Dialogues

Race in America

Dear Randy:

       That Bill Lann Lee’s nomination was temporarily stopped by the GOP-dominated Senate Judiciary Committee simply suggests that a few Republicans for once had the courage to join the overwhelming majority of Americans in opposing racial preferences. The Civil Rights Act of 1997, which reaffirms the nondiscriminatory language of the great 1964 Civil Rights Act, has suffered quite a different fate. Republicans are too terrified of the consequences of dissenting from the liberal consensus that dominates racial discourse to back the bill. You have named every national publication that speaks in a voice that departs from civil-rights orthodoxy, and with the exception of the Wall Street Journal, these publications reach a very limited readership. Moreover, writers on race who appear in Commentary, the Weekly Standard, and other such journals do so under a totally unwarranted cloud of moral suspicion.
       You know perfectly well the depth of Steve’s and my commitment to the cause of racial equality. And yet the most extraordinary abuse has been hurled at us by, among others, the president’s point man on affirmative action, Christopher Edley, your colleague at the Harvard Law School. Two months before our book came out, Edley dismissed us as unfit for participation in the national racial dialogue–a view that the president happily ignored. More recently, Edley has labeled one of us a “high priestess” of “racial counterrevolution” and our book “a crime against humanity.”

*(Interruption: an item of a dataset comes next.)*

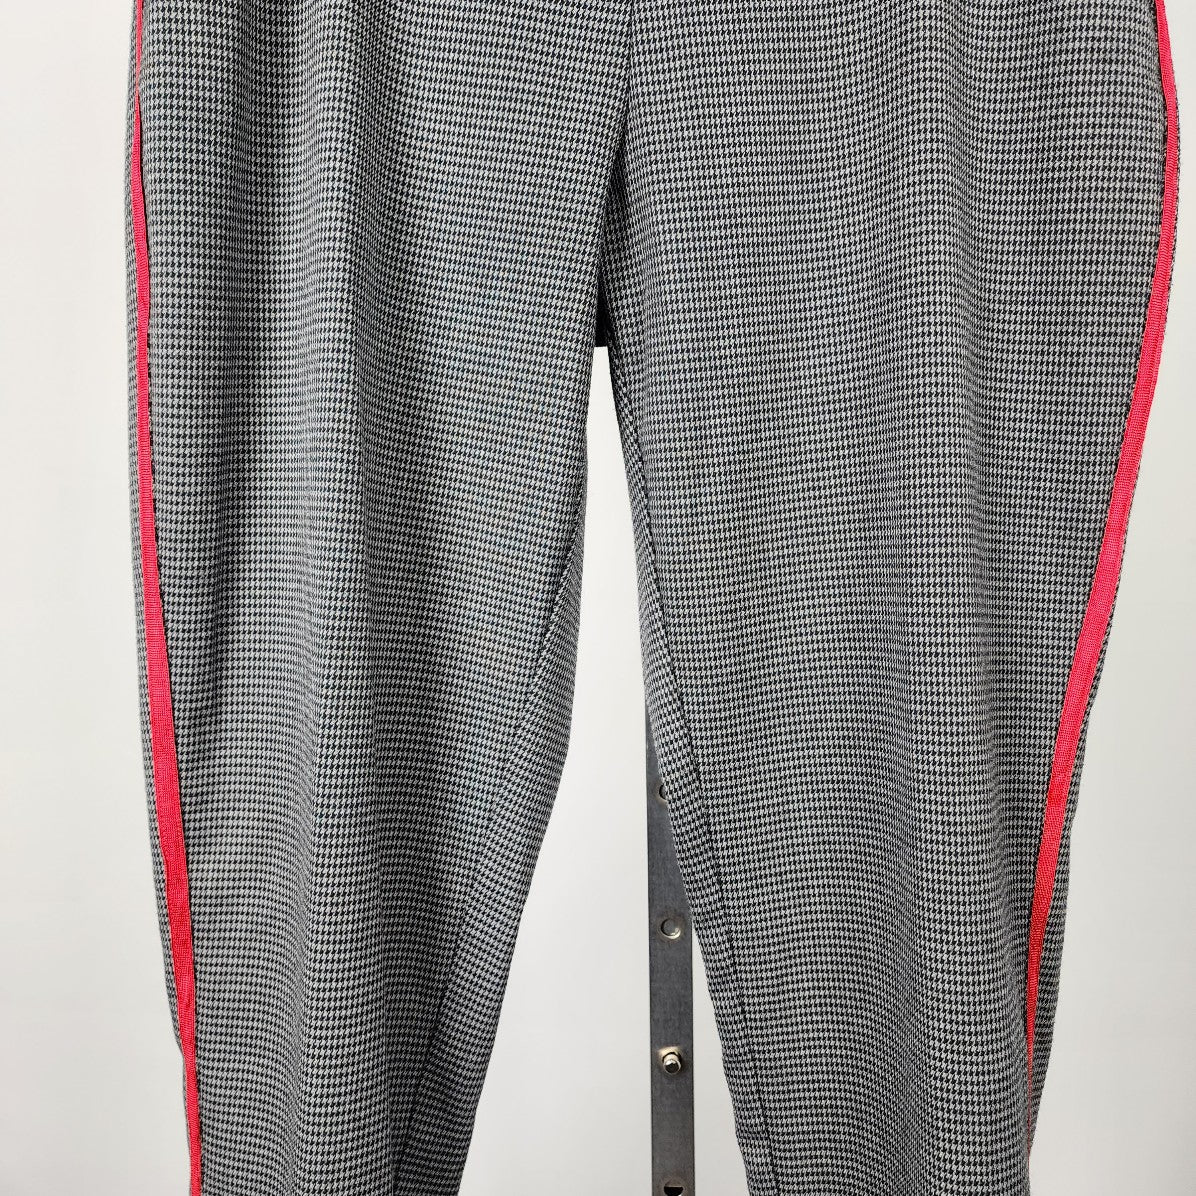 Highline Black & White Checkered Red Stripe Pants Size 14

       What price do those who engage in such dishonest, ugly rhetoric pay? None, because those who are viewed as part of the civil-rights community can still draw on the moral capital accumulated in the struggle for civil rights in the 1950s and 1960s. They have a free ride, even when they distort a work of scholarship beyond recognition and attempt to sully the public image of two authors whose disdain for those who are ignorant of the history of black suffering and indifferent to ongoing discrimination is obvious. (The distortion of our work in general is mind-boggling. Franklin Foer in Slate suggests we have failed to keep the integrationist faith and believe integration hasn’t succeeded. We have kept the faith and argue precisely the opposite–by numerous measures America has become remarkably integrated. What is he talking about?)
       Nowhere do we say that all government effort is doomed to futility. Better public schools are fundamental to the drive for racial equality. But entrepreneurs are the key to good jobs–not the government. And (as the Institute for Justice has been so effectively arguing) too many government regulations inhibit entrepreneurship–that of blacks and whites alike. On the matter of “governmental effort,” you say we are “very, very, very, very, very wrong.” With five verys you have gone into emotional overdrive, at which point you cease to be a scholar and become an impassioned political polemicist. Surely, this is not an issue on which either side is totally wrong.

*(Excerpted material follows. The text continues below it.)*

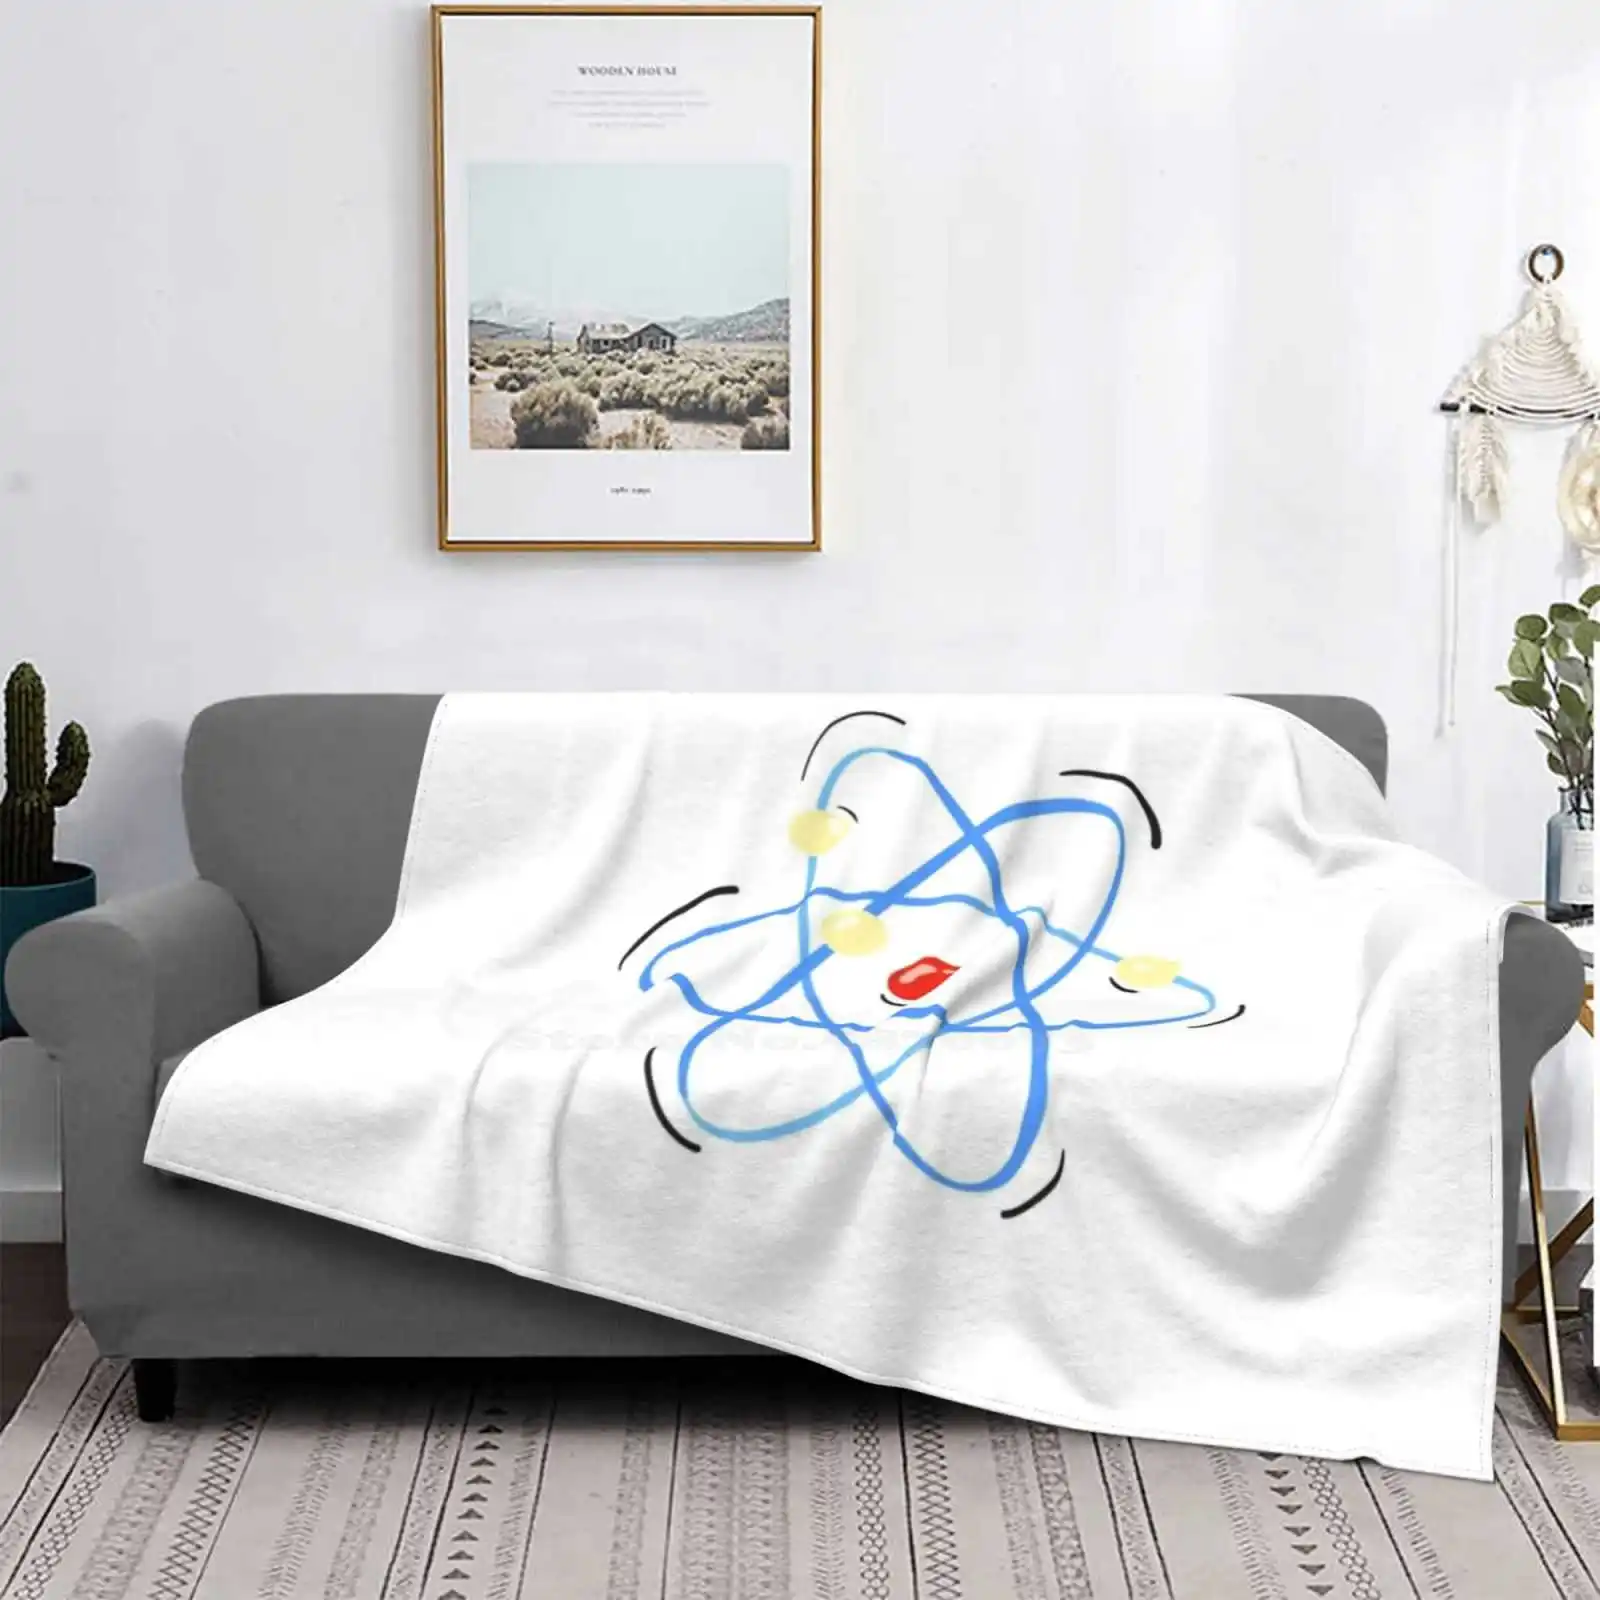 

Удобный Диван для кровати Atom Science Design, мягкое одеяло, забавная биология, техника, химия, физика, ботаник

       We are sorry that you continue to fret over our sparse use of the phrase “black crime,” for we do make your point, clearly and forcefully. This is what we say on Page 259: “We speak of ‘black crime’ as a convenient shorthand, hard to avoid. And yet, unlike ‘black poverty,’ it is a loaded phrase, implying some sort of innate predisposition to engage in illegal activity. As such, it seems to echo racist assumptions about blacks as a primitive people, gripped by passions, more likely to commit crimes unless controlled by white authorities. In fact, of course, crime is an individual failing, and the statistical generalization that blacks are disproportionately both perpetrators and victims must never obscure the vital fact that most black citizens are law-abiding.”
       In other words, you have a point, and we made it. But for goodness’ sake, keep it in perspective. When people use the phrase “white racism,” are we to assume they think all whites are racists? Of course not.
       Two final points: We are not going to bore Slate readers with an argument over the Patterson case. And we believe that your charge that we paid too little attention to white racism is unfounded. But, yes, unlike Andrew Hacker et al., we do not view white racism as the central problem confronting blacks today, and we were heartened to see the results of a recent CNN-Time poll that shows nine out of 10 black teen-agers agree with us. If you want to argue about the level of white racism, then provide data. Otherwise, we’re back to useless, anti-intellectual, counterproductive emoting.